Aufrechnung; Pfändungsverbot; Urlaubsentgelt; Erhöhung der Arbeitszeit
Orientierungssätze des Urteils des BAG vom 20.11.2018 – 9 AZR 349/18 –:
- Nach § 394 Satz 1 BGB ist die Aufrechnung gegen eine Forderung nicht statthaft, soweit sie der Pfändung nicht unterworfen ist. Wird mit einer Gegenforderung aufgerechnet, ist die Entscheidung, ob die Gegenforderung besteht oder nicht besteht, bis zur Höhe des Betrags, für den die Aufrechnung geltend gemacht worden ist, der Rechtskraft (§ 322 Abs. 2 Zivilprozessordnung – ZPO) fähig. Der Umfang der Rechtskraft der Entscheidung darf nicht unklar bleiben. Es ist deshalb rechtsfehlerhaft, wenn ein Urteil die Zulässigkeit der Aufrechnung offenlässt (Rn. 17).
- Pflichtumlagebeiträge des Arbeitnehmers, die der Arbeitgeber aufgrund tariflicher Bestimmungen vom Nettoeinkommen des Arbeitnehmers einzubehalten und an die Versorgungsanstalt des Bundes und der Länder (VBL) abzuführen hat, sind nach § 850e Nr. 1 Satz 1 ZPO bei der Berechnung des pfändbaren Arbeitseinkommens nicht mitzurechnen (Rn. 20).

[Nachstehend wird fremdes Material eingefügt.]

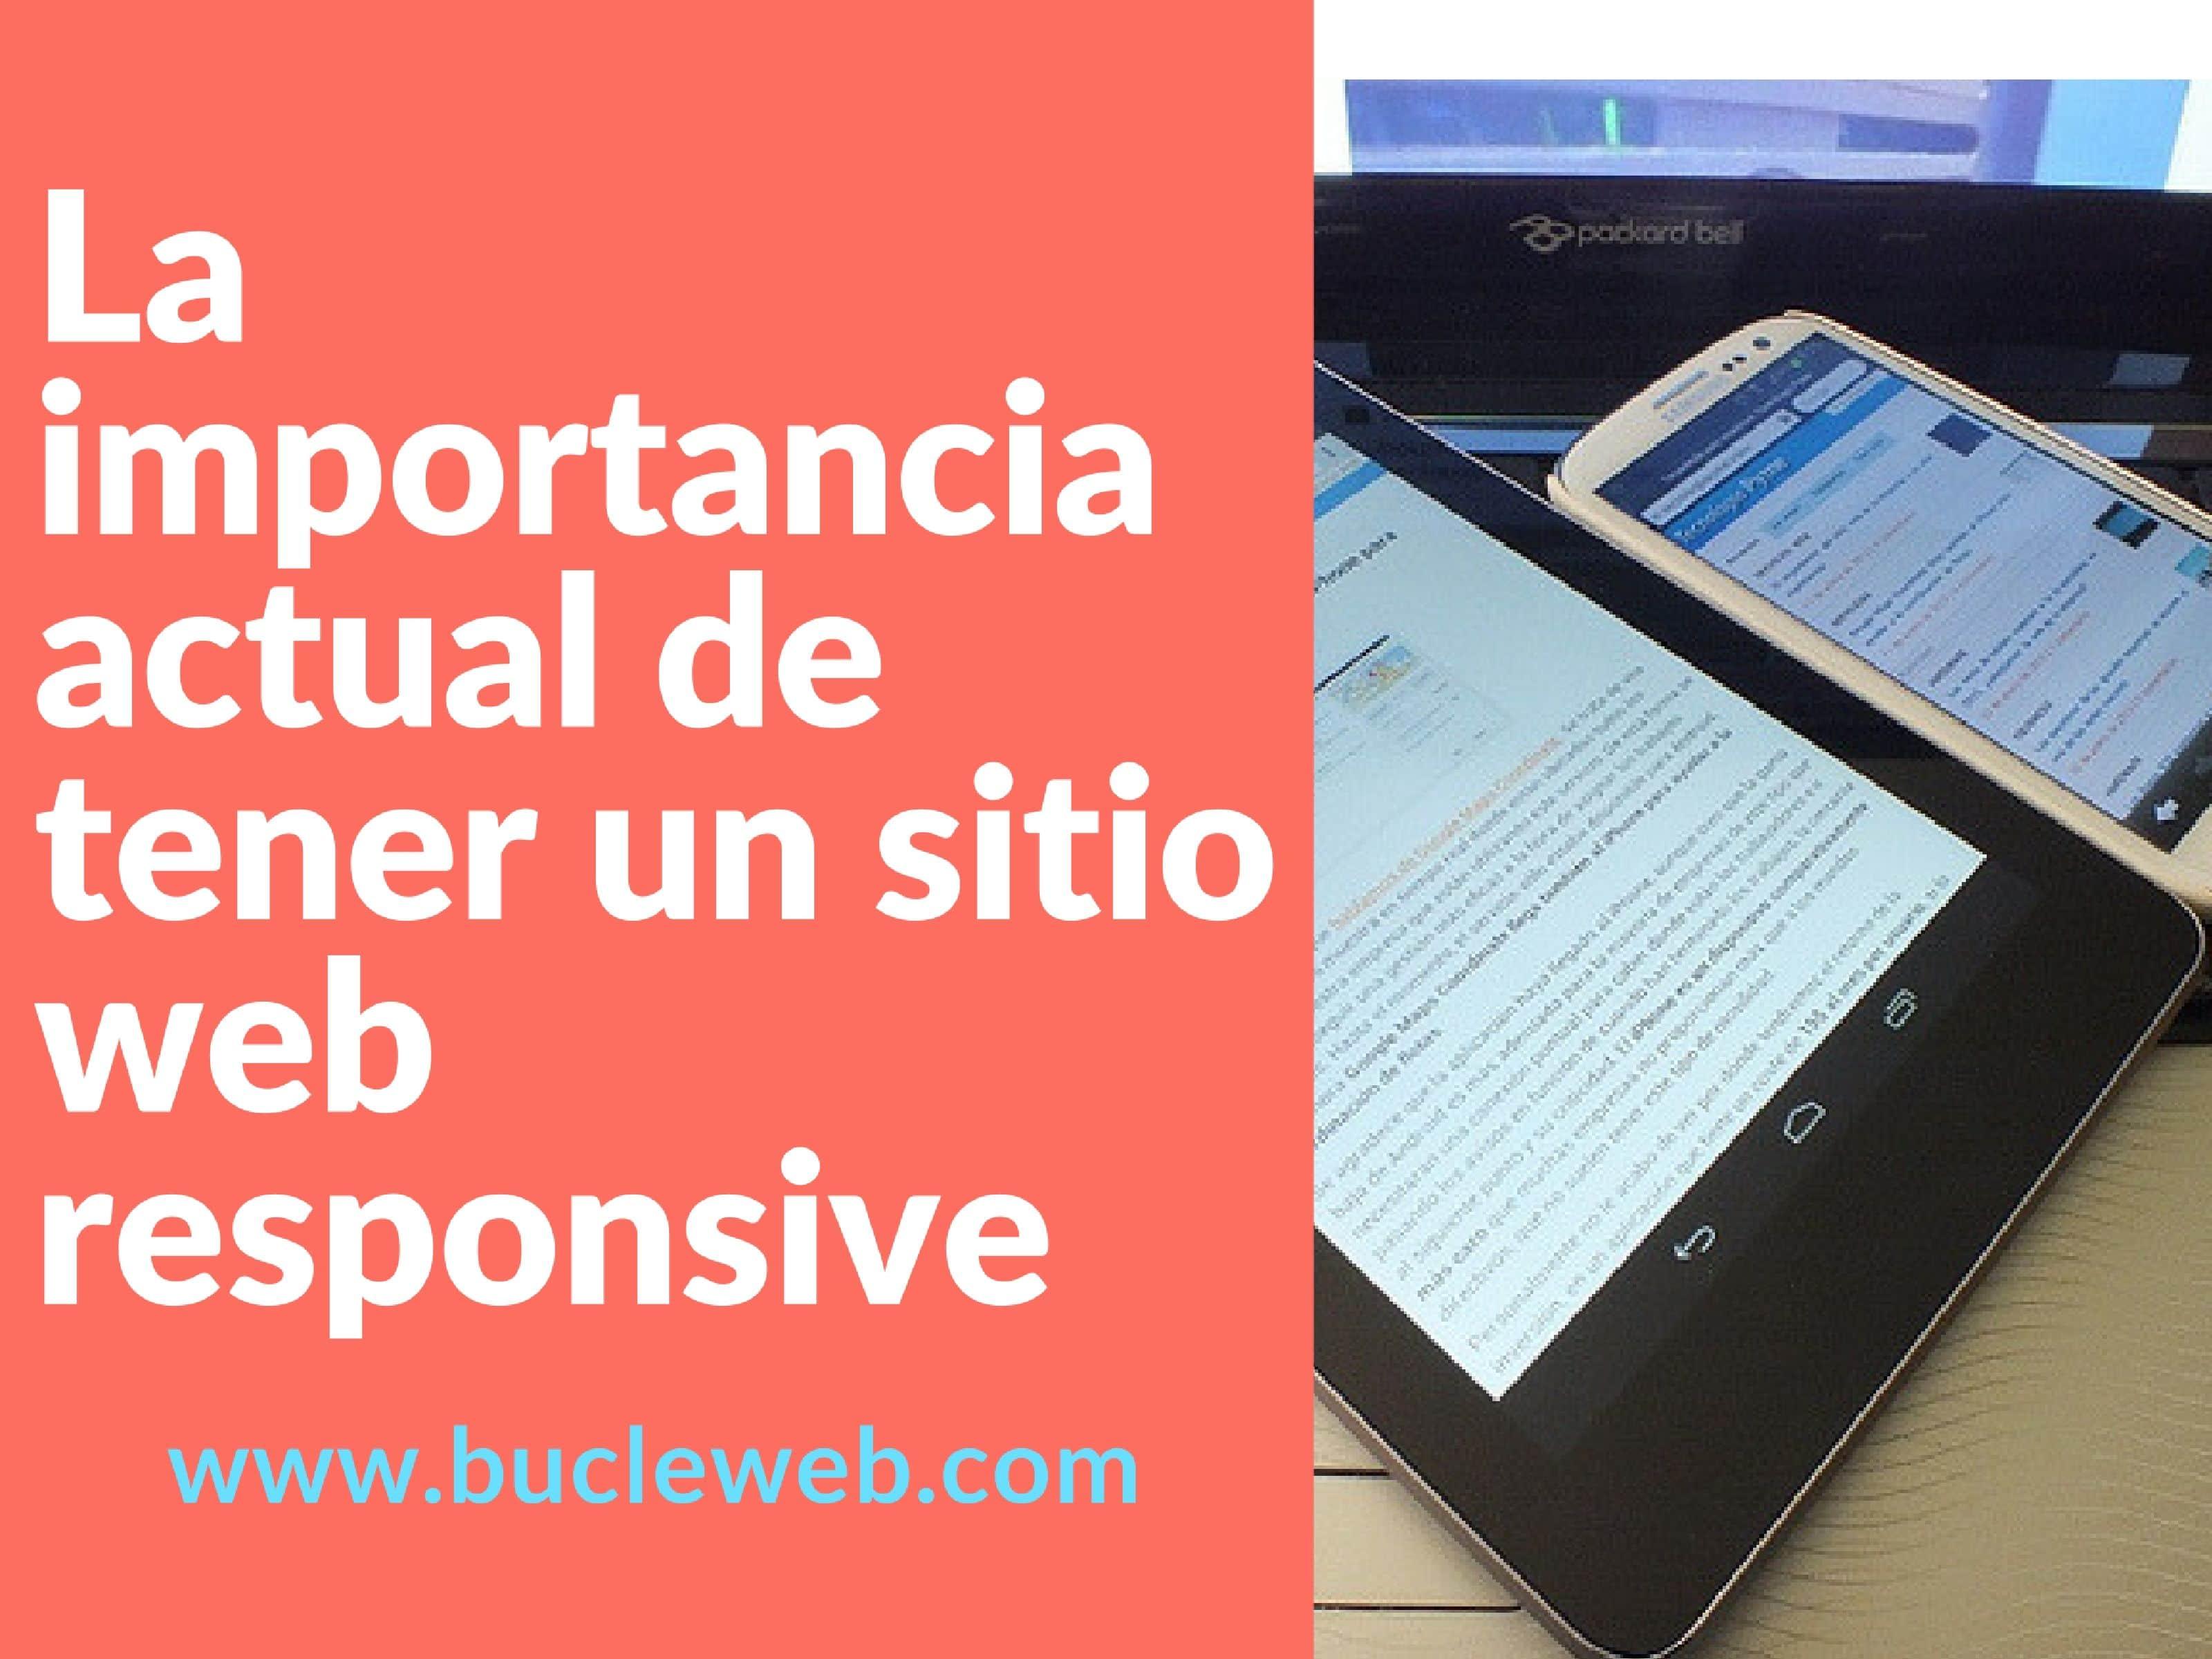 sitio web responsive

- Nach § 29 Abs. 1 Satz 1, § 23 Abs. 1 Satz 1 TV-BA hat der Arbeitnehmer während der Dauer seines Urlaubs Anspruch auf Fortzahlung des Gehalts nach § 16 Abs. 1 und Abs. 3 TV-BA sowie der sonstigen in Monatsbeträgen festgelegten Gehaltsbestandteile. Nach den tariflichen Bestimmungen gilt insoweit das Entgeltausfallprinzip. Dies führt bei einer unterjährigen Erhöhung der Arbeitszeit von Teilzeit auf Vollzeit dazu, dass ein Arbeitnehmer, der seinen Urlaub während seiner Vollzeitbeschäftigung nimmt, für den Zeitraum des Urlaubs die Fortzahlung der genannten Vergütungsbestandteile in voller Höhe verlangen kann (Rn. 25).